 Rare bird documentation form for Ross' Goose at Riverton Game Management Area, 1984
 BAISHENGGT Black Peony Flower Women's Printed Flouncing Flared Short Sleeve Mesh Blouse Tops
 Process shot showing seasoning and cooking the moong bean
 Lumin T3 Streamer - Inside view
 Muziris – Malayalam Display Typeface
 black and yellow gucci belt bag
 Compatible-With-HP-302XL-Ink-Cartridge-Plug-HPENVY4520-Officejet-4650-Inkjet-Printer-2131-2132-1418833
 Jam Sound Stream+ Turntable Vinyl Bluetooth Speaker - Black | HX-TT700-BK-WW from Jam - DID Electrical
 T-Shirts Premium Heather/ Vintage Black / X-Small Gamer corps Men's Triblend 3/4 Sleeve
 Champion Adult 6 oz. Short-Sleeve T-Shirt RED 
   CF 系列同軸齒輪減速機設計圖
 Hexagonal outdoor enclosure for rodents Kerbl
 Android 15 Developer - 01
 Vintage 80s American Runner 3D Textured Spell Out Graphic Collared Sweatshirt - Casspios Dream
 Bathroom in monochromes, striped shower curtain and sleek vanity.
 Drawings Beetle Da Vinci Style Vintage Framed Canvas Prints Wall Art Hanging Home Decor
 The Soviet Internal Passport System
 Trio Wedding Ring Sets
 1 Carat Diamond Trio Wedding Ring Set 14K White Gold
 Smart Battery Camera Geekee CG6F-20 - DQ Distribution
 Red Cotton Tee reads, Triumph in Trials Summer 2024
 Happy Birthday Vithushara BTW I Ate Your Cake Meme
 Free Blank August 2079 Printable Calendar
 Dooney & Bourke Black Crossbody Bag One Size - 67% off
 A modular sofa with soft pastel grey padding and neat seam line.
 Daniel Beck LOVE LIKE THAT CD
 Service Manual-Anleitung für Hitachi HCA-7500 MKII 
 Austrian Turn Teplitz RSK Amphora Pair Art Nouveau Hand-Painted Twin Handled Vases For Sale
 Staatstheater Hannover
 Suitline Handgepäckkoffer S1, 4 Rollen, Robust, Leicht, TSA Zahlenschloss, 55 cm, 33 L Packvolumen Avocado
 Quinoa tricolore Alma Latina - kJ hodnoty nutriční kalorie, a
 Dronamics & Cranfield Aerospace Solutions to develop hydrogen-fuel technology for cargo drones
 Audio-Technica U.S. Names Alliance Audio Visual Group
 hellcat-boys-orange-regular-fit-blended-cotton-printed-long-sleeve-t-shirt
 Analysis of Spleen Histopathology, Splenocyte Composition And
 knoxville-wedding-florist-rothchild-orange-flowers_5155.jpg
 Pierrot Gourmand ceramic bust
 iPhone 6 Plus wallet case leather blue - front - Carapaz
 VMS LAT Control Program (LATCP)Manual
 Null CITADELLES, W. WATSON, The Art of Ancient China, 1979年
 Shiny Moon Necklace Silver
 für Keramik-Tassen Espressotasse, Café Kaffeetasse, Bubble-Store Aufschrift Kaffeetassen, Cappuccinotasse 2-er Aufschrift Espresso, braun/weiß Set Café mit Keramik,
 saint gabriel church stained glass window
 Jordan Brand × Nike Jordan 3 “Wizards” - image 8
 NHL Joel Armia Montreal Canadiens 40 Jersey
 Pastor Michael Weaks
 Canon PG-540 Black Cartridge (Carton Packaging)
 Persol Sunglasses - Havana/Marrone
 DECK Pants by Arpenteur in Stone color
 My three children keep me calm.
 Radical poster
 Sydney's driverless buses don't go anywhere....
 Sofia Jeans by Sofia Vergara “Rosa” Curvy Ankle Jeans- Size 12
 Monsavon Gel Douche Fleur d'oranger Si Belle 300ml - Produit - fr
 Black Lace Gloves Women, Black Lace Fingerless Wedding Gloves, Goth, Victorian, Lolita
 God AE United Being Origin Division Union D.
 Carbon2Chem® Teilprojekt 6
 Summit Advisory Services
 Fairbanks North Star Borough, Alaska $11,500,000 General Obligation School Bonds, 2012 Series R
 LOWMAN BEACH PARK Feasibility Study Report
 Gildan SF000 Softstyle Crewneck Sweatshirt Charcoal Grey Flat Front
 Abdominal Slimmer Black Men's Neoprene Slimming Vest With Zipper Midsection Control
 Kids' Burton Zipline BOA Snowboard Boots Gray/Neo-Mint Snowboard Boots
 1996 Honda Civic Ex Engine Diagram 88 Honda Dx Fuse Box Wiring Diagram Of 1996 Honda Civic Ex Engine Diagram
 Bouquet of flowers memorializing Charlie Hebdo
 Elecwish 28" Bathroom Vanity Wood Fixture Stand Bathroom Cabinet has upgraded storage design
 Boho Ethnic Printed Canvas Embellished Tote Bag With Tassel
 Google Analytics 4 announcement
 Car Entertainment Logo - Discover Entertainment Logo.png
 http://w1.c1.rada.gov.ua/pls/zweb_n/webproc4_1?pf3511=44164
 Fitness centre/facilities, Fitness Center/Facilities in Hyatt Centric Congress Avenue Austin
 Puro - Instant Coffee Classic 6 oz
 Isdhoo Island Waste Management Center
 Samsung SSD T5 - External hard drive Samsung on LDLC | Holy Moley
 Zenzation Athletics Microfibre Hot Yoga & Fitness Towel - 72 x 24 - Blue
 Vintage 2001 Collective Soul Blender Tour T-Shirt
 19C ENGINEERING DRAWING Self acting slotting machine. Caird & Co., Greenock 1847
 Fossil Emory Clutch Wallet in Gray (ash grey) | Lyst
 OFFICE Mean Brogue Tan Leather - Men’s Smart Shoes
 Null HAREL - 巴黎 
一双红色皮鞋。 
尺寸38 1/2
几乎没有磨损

____

Copy out only the lines of the records above from the one with "Pastor Michael Weaks" through the one with "Monsavon Gel Douche", exactly as they stand, both included.

● ANSWER TO THIS EXERCISE:
 Pastor Michael Weaks
 Canon PG-540 Black Cartridge (Carton Packaging)
 Persol Sunglasses - Havana/Marrone
 DECK Pants by Arpenteur in Stone color
 My three children keep me calm.
 Radical poster
 Sydney's driverless buses don't go anywhere....
 Sofia Jeans by Sofia Vergara “Rosa” Curvy Ankle Jeans- Size 12
 Monsavon Gel Douche Fleur d'oranger Si Belle 300ml - Produit - fr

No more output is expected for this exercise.